Llama 4 Scout

Meta · Llama 4

Efficiency-focused Llama 4 tier for customizable deployments with tighter compute budgets.

Type
language
Context
262K tokens
Max Output
33K tokens
Status
current
API Access
Yes
License
Llama Community
open-weights efficient self-hosted automation customization
Released April 2025 · Updated February 15, 2026

Overview

Freshness note: Model capabilities, deployment options, and licensing terms can change. This profile is a point-in-time snapshot last verified on February 15, 2026.
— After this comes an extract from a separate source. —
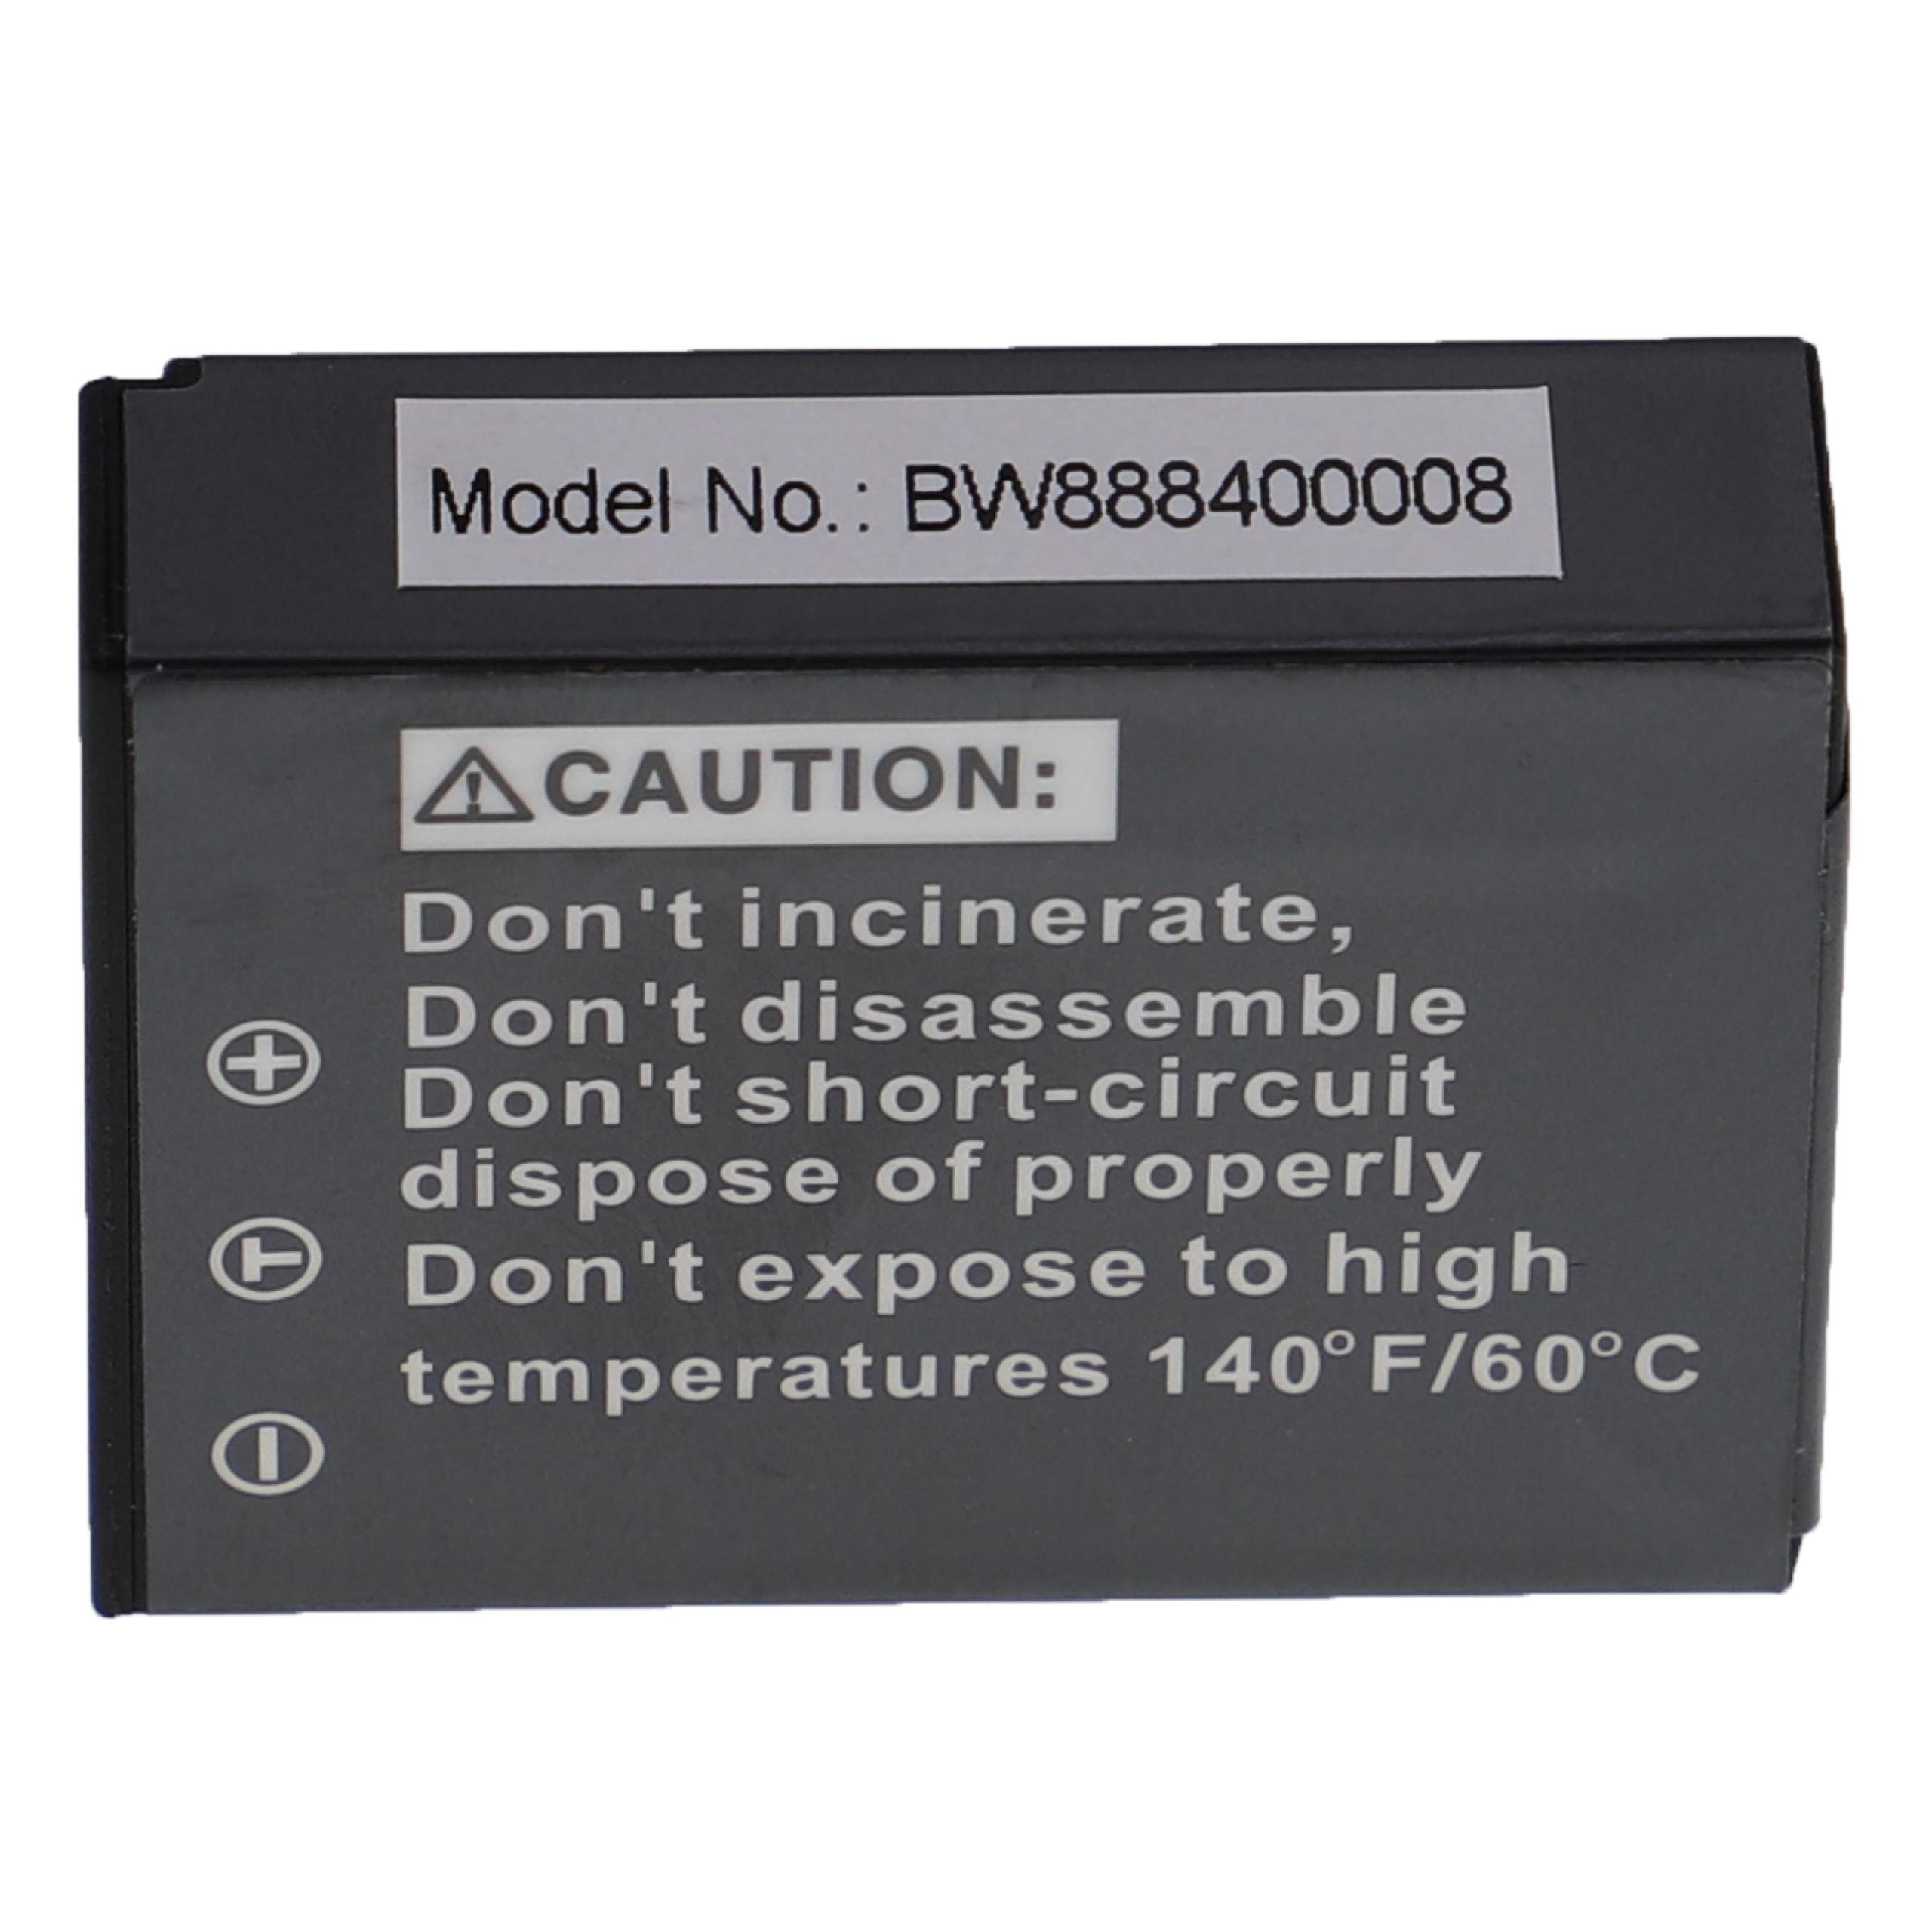 Akumulator do aparatu cyfrowego zamiennik Aiptek NP170, CB170, 084-07042L-062, CB-170 - 1600 mAh 3,6 V Li-Ion
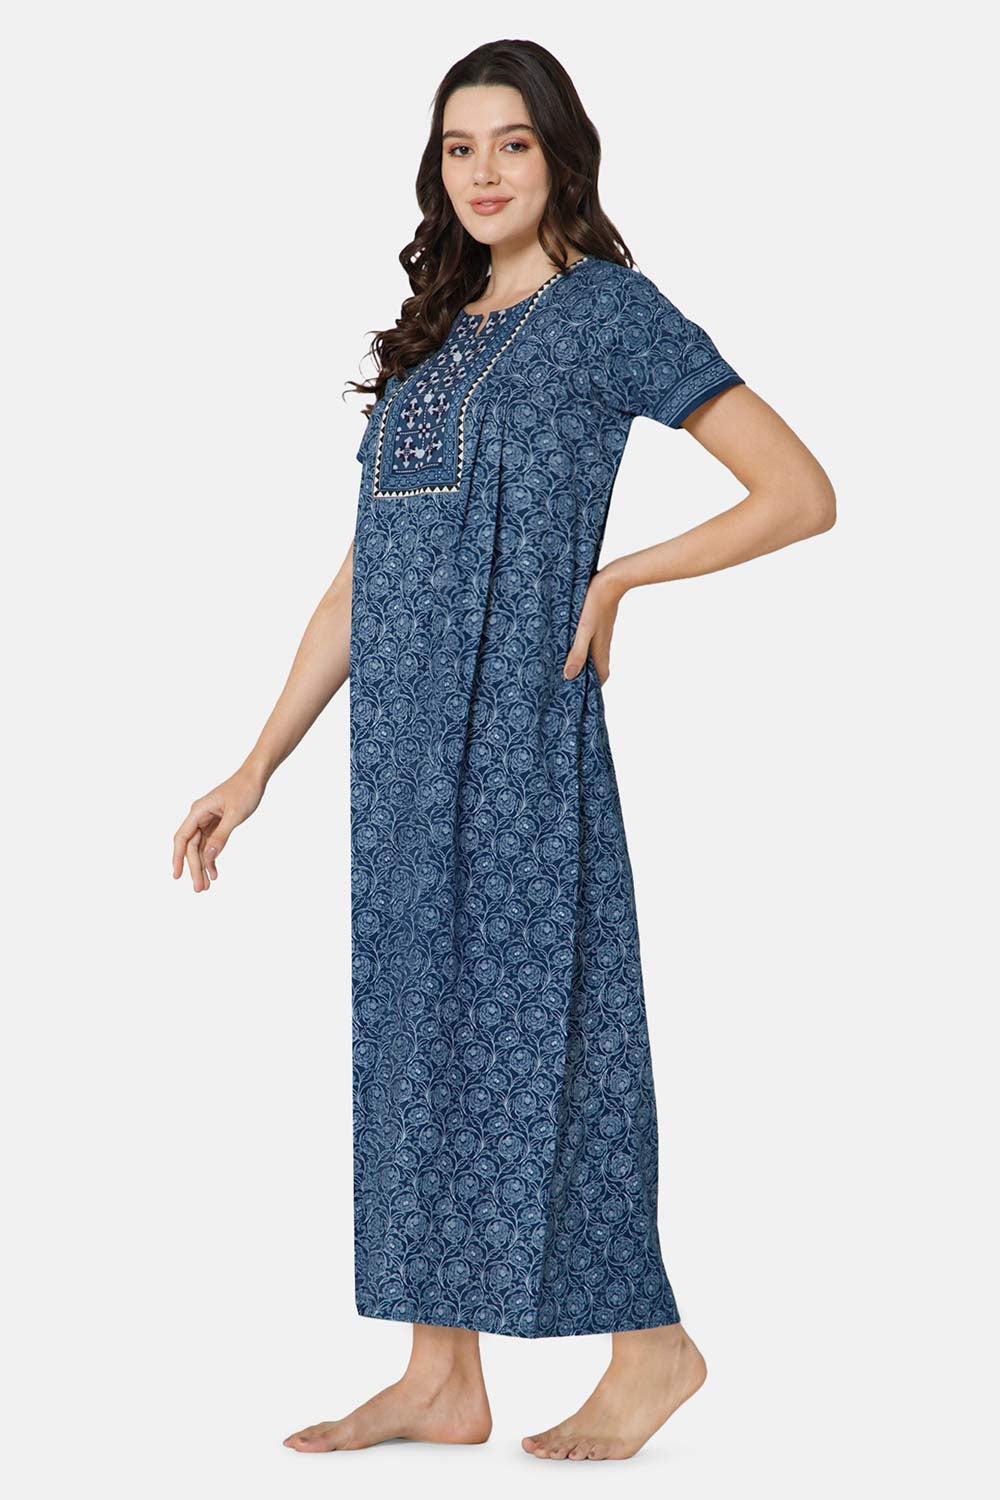 Naidu Hall A-line Women's Nighty Full Length Half Sleeve  - Blue - R136

Llama 4 Scout is an efficiency-oriented open-weights model tier aimed at teams that need customization but with lower serving costs than larger open models. It is useful for private deployment patterns with strict cost limits.

Capabilities

Scout is typically used for structured assistant tasks, summarization, extraction, and moderate reasoning workflows. It performs best when prompts and task domains are well defined.

Technical Details

As an open-weights model, Scout supports flexible serving options, including self-hosted inference and managed provider endpoints. Performance outcomes depend on runtime optimizations and evaluation quality.

Pricing & Access

There is no single universal pricing model because deployment can be self-managed or provider-hosted. Teams should model both compute and operational overhead when comparing against closed API alternatives.

Best Use Cases

Strong fit for internal copilots, domain-specific automation, and budget-constrained environments that still require control over deployment and data boundaries.

Comparisons

Compared with Llama 4 Maverick, Scout usually favors lower cost and throughput over maximum quality. Compared with GPT-5 nano or Gemini 2.5 Flash-Lite, Scout can provide more control but often needs more engineering investment to operate.